There’s an important distinction between utilizing synthetic data in teacher-student setups and utilizing synthetic data in self-teaching. While synthetic data is a demonstrably powerful way of augmenting human feedback, my current estimation is that typical mode collapse arguments still hold for self generated purely synthetic datasets, and that phi-4 doesn’t provide counter-evidence against this.
This is neat, thanks for highlighting.
>The implication: If you don’t have access to a 2024-frontier AI, you’re going to have a hard time training the next frontier model. That gap will likely widen with each subsequent iteration.
This doesn’t seem super clear to me. Without synthetic data, you need to scrape large parts of the web and manage a lot of storage infrastructure. This can either be done illegally, or with complex negotiations (especially as companies are catching on to this).
In comparison, it would be very useful if you could train a near-SOTA model with just synthetic data, say from an open-source model. This might not bring you all the way to SOTA, but close might be good enough for many things.

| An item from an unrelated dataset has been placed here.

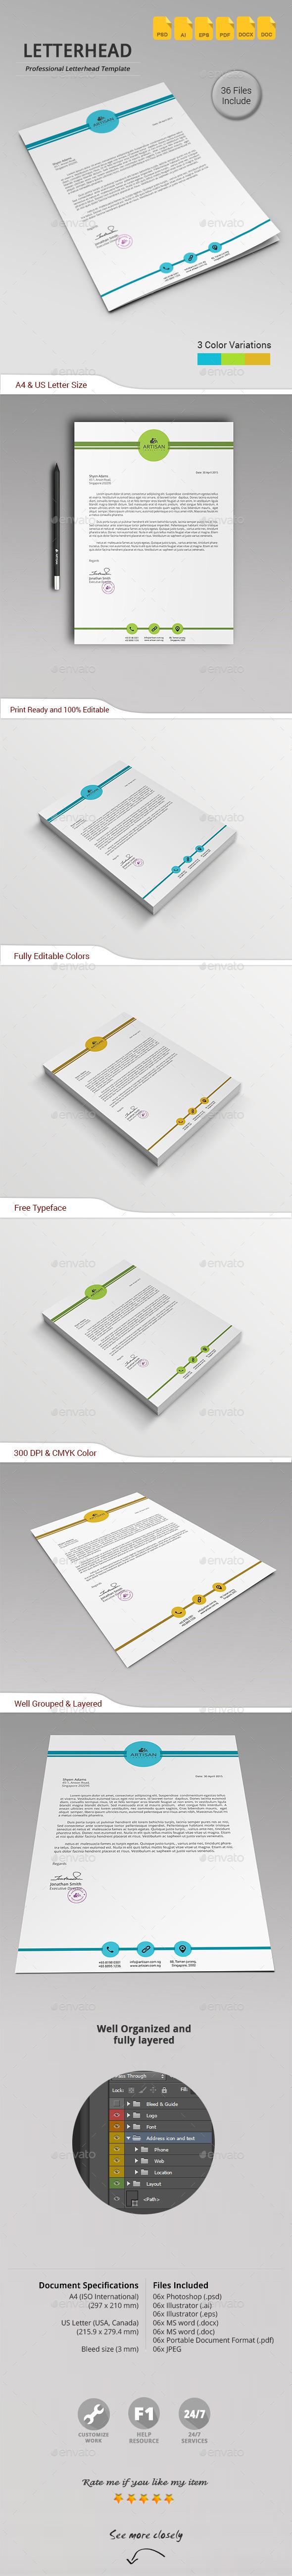 GraphicRiver Letterhead 11311650

I agree. My original wording was too restrictive, so let me try again:
I think pushing the frontier past 2024 levels is going to require more and more input from the previous generation’s LLMs. These could be open- or closed-source (the closed-source ones will probably continue to be better), but the bottleneck is likely to shift from “scraping and storing lots of data” to “running lots of inference to generate high-quality tokens.” This will change the balance to be easier for some players, harder for others. I don’t think that change in balance is perfectly aligned with frontier labs.
Yep, that makes sense to me.
One tiny point—I think the phrase “synthetic data” arguably breaks down at some point. “Synthetic data” sounds to me like, “we’re generating fake data made to come from a similar distribution to ‘real data’.” But I assume that a lot of the data we’ll get with inference will be things more like straightforward reasoning.
For example, we get O1 to solve a bunch of not-yet-recorded mathematical lemmas, then train the next model on those. Technically this is “synthetic data”, but I don’t see why this data is fundamentally different than similar mathematics that humans do. This data is typically the synthesis or distillation of much longer search and reasoning processes.
As such, it seems very sensible to me to expect “synthetic data” to be a major deal.
Would there have to be human vetting to check that O1’s solutions are correct? The practicality of that would depend on the scale, but you don’t want to end up with a blurry JPEG of a blurry JPEG of the internet.
For mathematical lemmas you can formalize them in a language like Lean to automatically check correctness. So access to ground truth is even clearer than for programming, the main issue is probably finding a lot of sane formalized things to prove that the system is capable of proving.
Another interesting take-away to me—I didn’t realize that Microsoft was doing much training of it’s own. It makes a lot of sense that they’d want their own teams making their own models, in part to hedge around OpenAI.
I’m curious what their strategy will be in the next few years.
It looks like recursive self-improvement is here for the base case, at least. It will be interesting to see if anyone uses solely Phi-4 to pretrain a more capable model.